EXERCISE AIM →
The lines below must be transcribed exactly as given, with the images removed.

PROVIDED DATA →
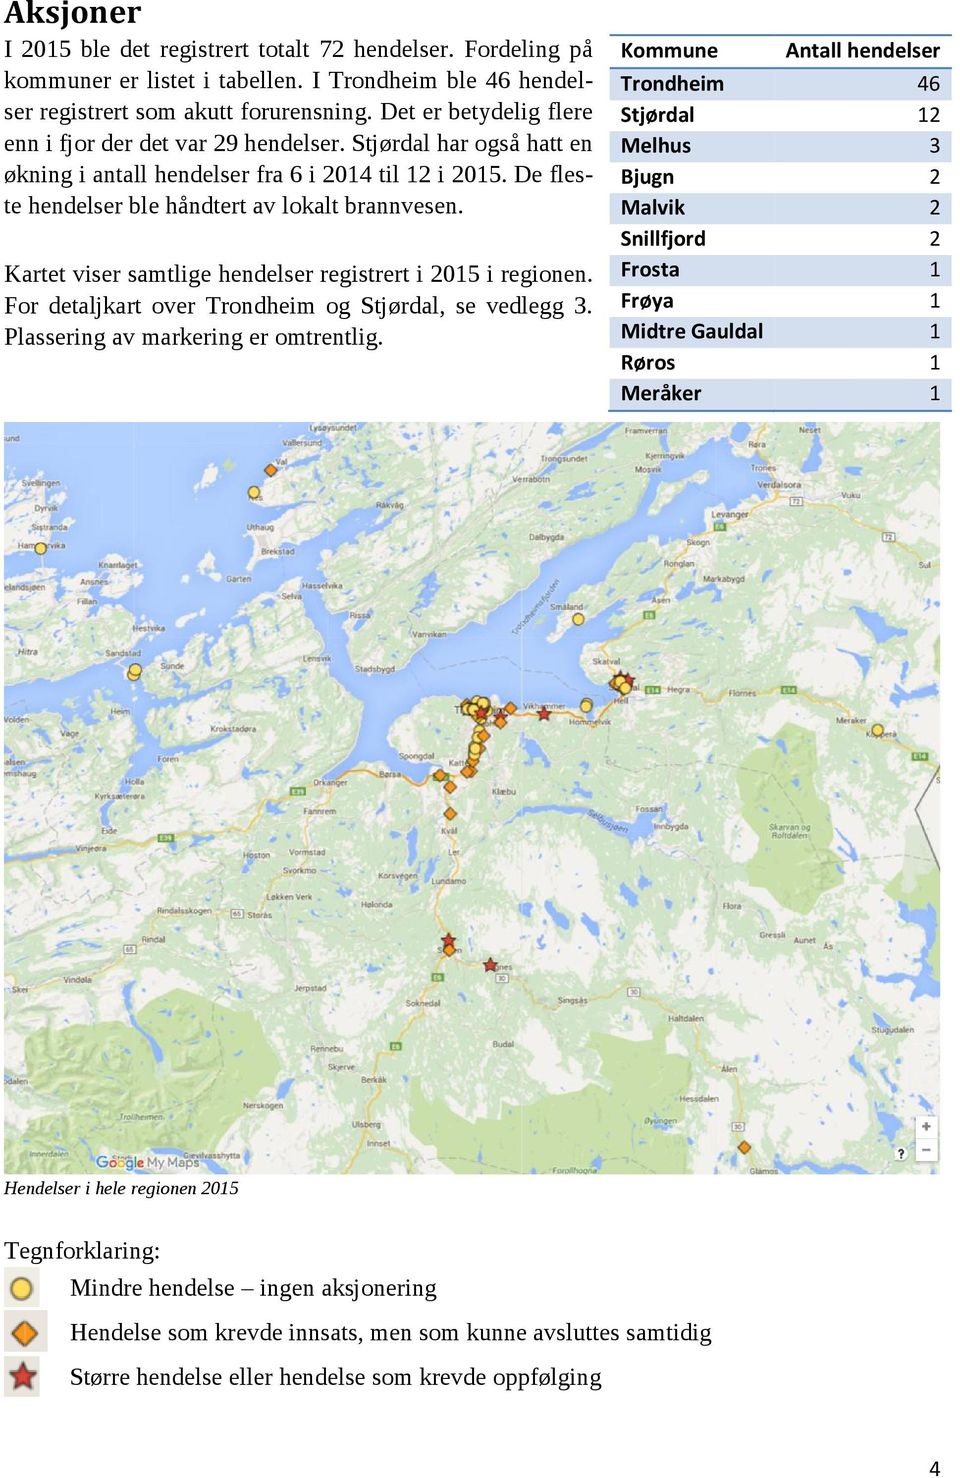 Kartet viser samtlige hendelser registrert i 2015 i regionen. For detaljkart over Trondheim og Stjørdal, se vedlegg 3. Plassering av markering er omtrentlig.
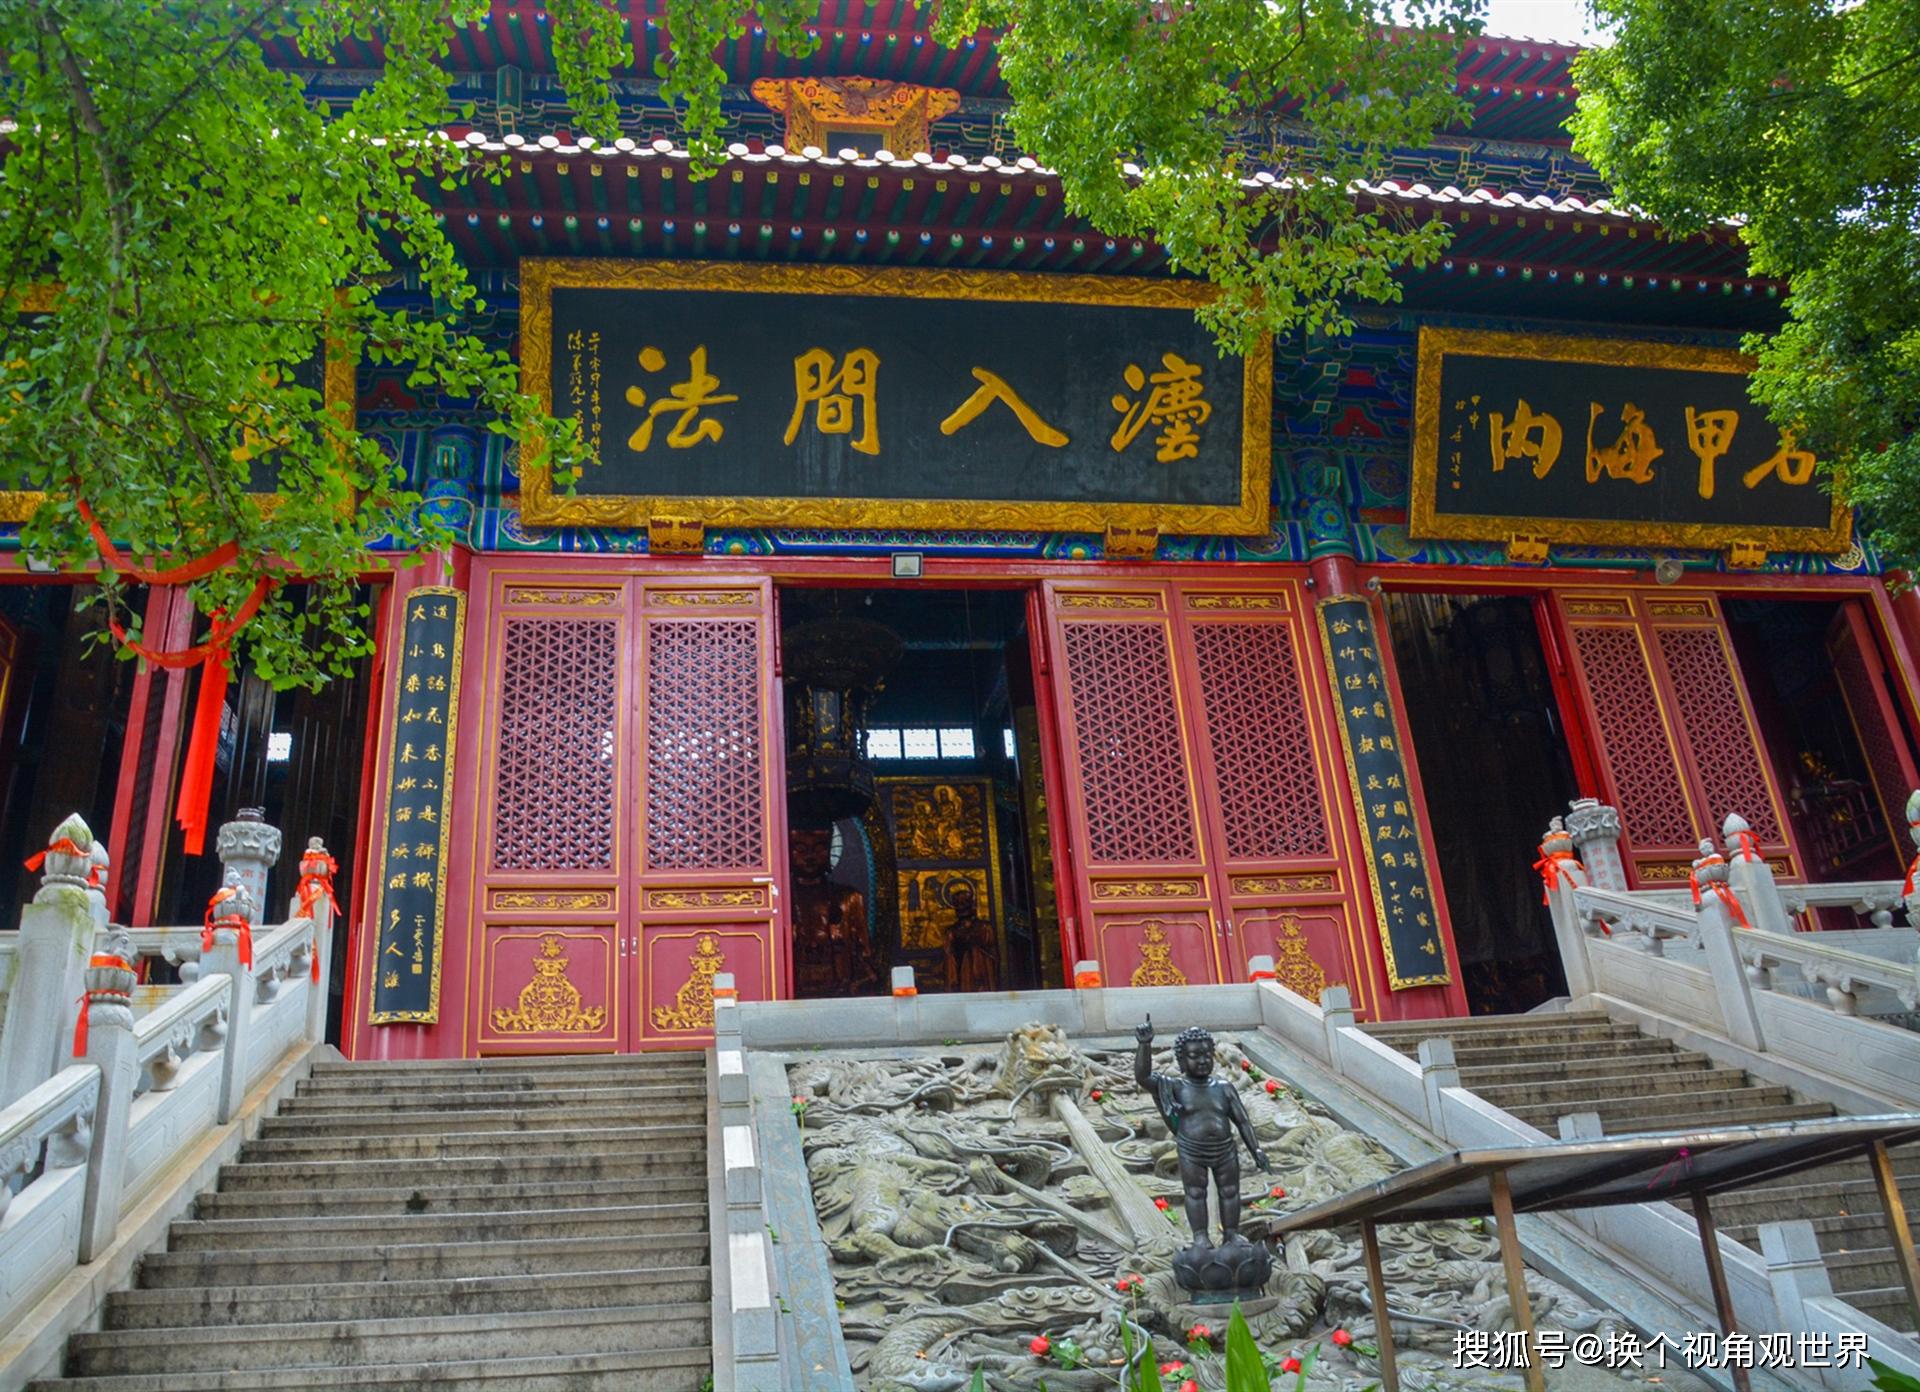 武汉唯一的皇家寺院,距今已有1600多年历史,但香火却不及归元寺
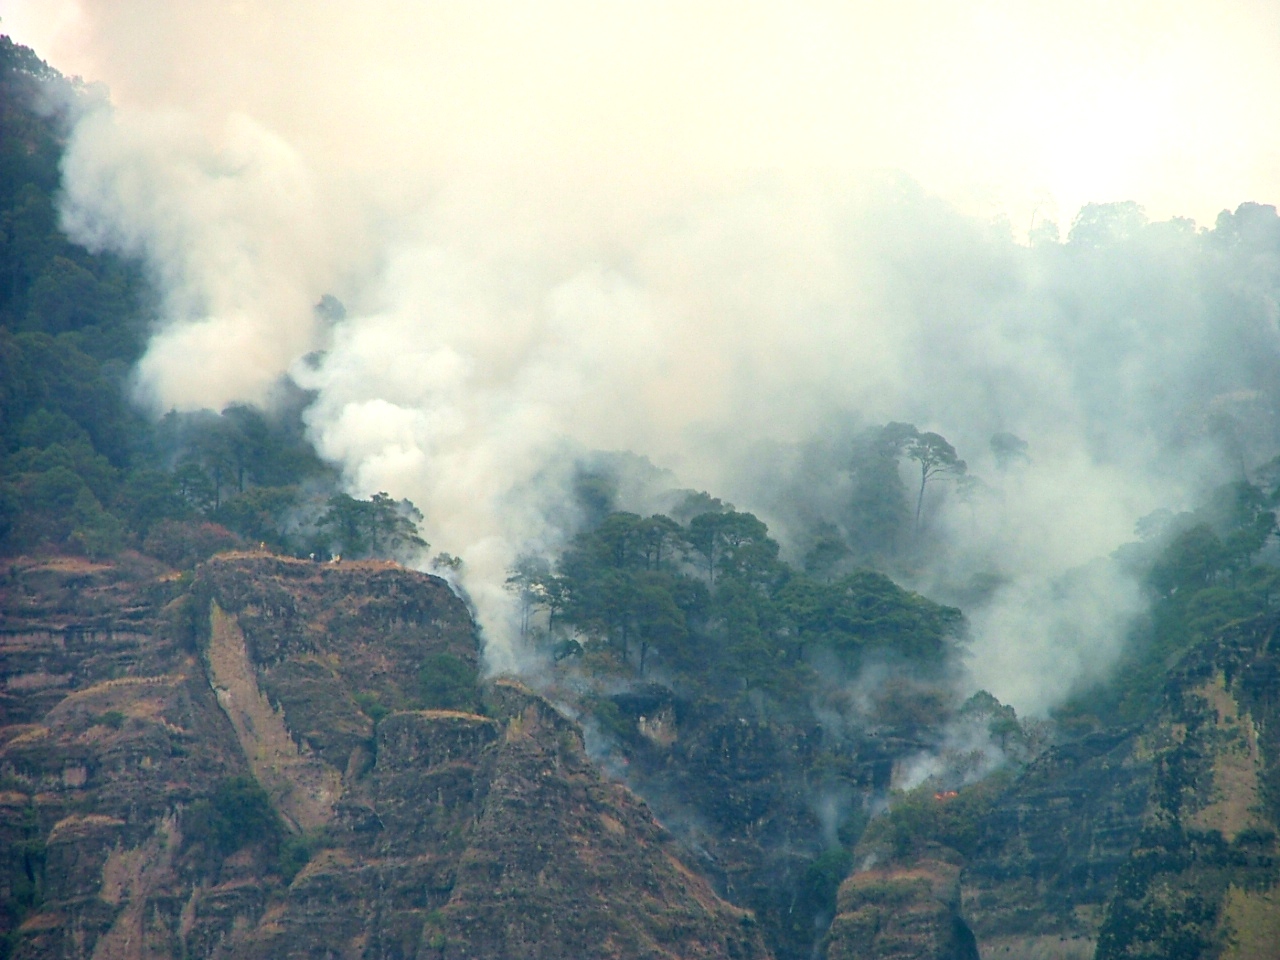  Localizan causante de incendio en Tepoztlán; el fuego, bajo control: Graco Ramírez

RESULT FOR THIS EXERCISE →
 Kartet viser samtlige hendelser registrert i 2015 i regionen. For detaljkart over Trondheim og Stjørdal, se vedlegg 3. Plassering av markering er omtrentlig.
 武汉唯一的皇家寺院,距今已有1600多年历史,但香火却不及归元寺
  Localizan causante de incendio en Tepoztlán; el fuego, bajo control: Graco Ramírez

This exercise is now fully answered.